I ran the same 10 fold validation process over training data whose positive review set had been boosted to be 50% of the overall training set. This isn't stratified K fold validation -- by boosting the number positive reviews with resampling of the training word data, I am altering the positive to negative ratio of the training set. Because the test data was held out of the boosting process,  the ratio of positive to negative reviews in the test data remainsthe same.  The code used to train and test the data is the same as before.

My test results averaged to 89.4%, an improvement from 84.6%. However, when I look at the errors more closely, I see that most of the errors are still due to mis-classifying positive reviews, which is interesting, given that I've boosted positive training data to be 50% of the training set. In the base training run my best effort mis-classified 60% of the positive reviews, and my worst efforts mis-classified 100% of the positive reviews. In the boosted training run my best effort mis-classified 20% of the positive reviews, and my worst effort mis-classified 60% of the positive reviews. 

Summary

This improvement makes sense because word frequency directly affects how the Bayesian classifier works. My 'boosting' effort worked because of the naive assumption of word independence in the classifier -- I didn't have to account for word dependencies, I only had to account for word frequency. 

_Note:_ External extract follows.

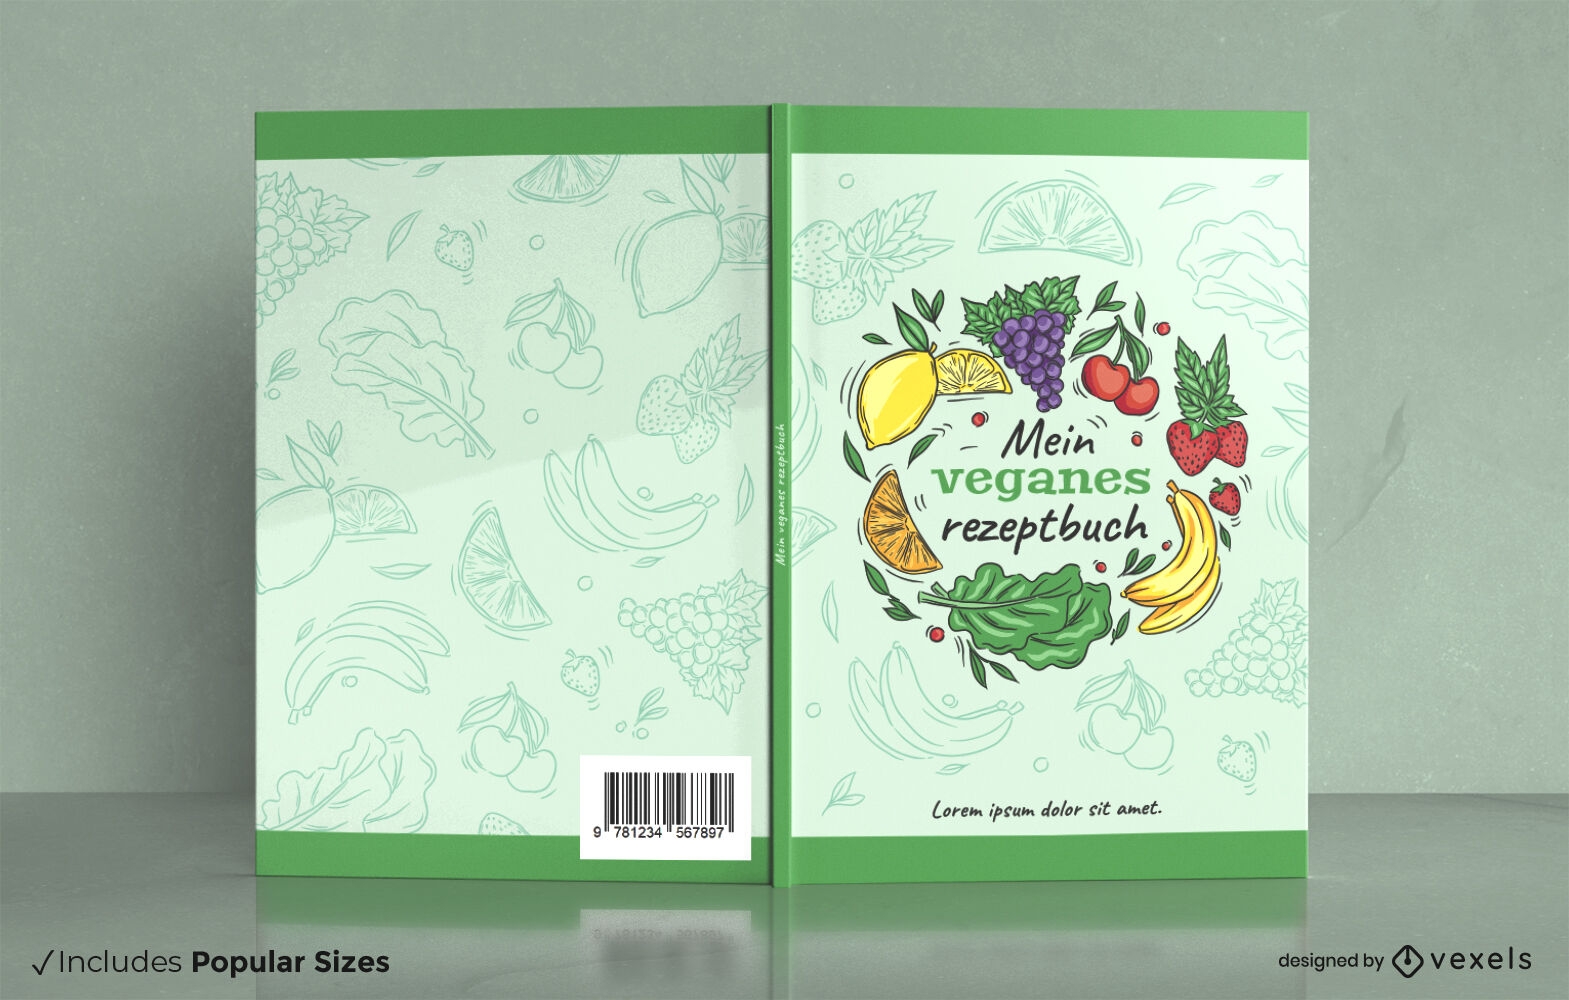 Vegan cookbook cover design

If I were to do this over again, I would do the following: 
  1. If at all possible, get more data. Having only 5-10 positive reviews in the test set didn't give me a lot to work with -- it is hard to draw conclusions from such a small positive review set.
  2. k-fold validation from the beginning to get the average accuracy per approach.
  3. investigate mis-classification errors before doing any optimization! 
Most of my time was spent analyzing and building the optimal training data set.  The biggest improvement made was not in tweaking the algorithm, but 'boosting' the positive training data to increase the recognition of positive reviews. The biggest mistake I made was to not examine training errors immediately.

To get improvements, I couldn't treat the algorithm as a black box, I had to know enough about how it functioned to prepare the data for an optimal classification score. Note that this approach wouldn't work in an approach at assumed some level of dependence between words in a review text -- I'd have to calculate that dependency in order to generate reviews. 

A final note: this is a classifier that was trained on a single source of reviews. That's great to classify more reviews about that ecommerce site, but the classifier would probably suck tremendously on a travel review site. However, the approaches taken would work if we had travel review site training data. 

Potential next steps include:
  1. Getting (more) new data from a different source.
  2. Trying the bayes classifier on that data
  3. Trying a different classifier, e.g. the maxent classifier on the same data
  4. Going deeper into sentiment: what entities were positive / negative sentiment directed at?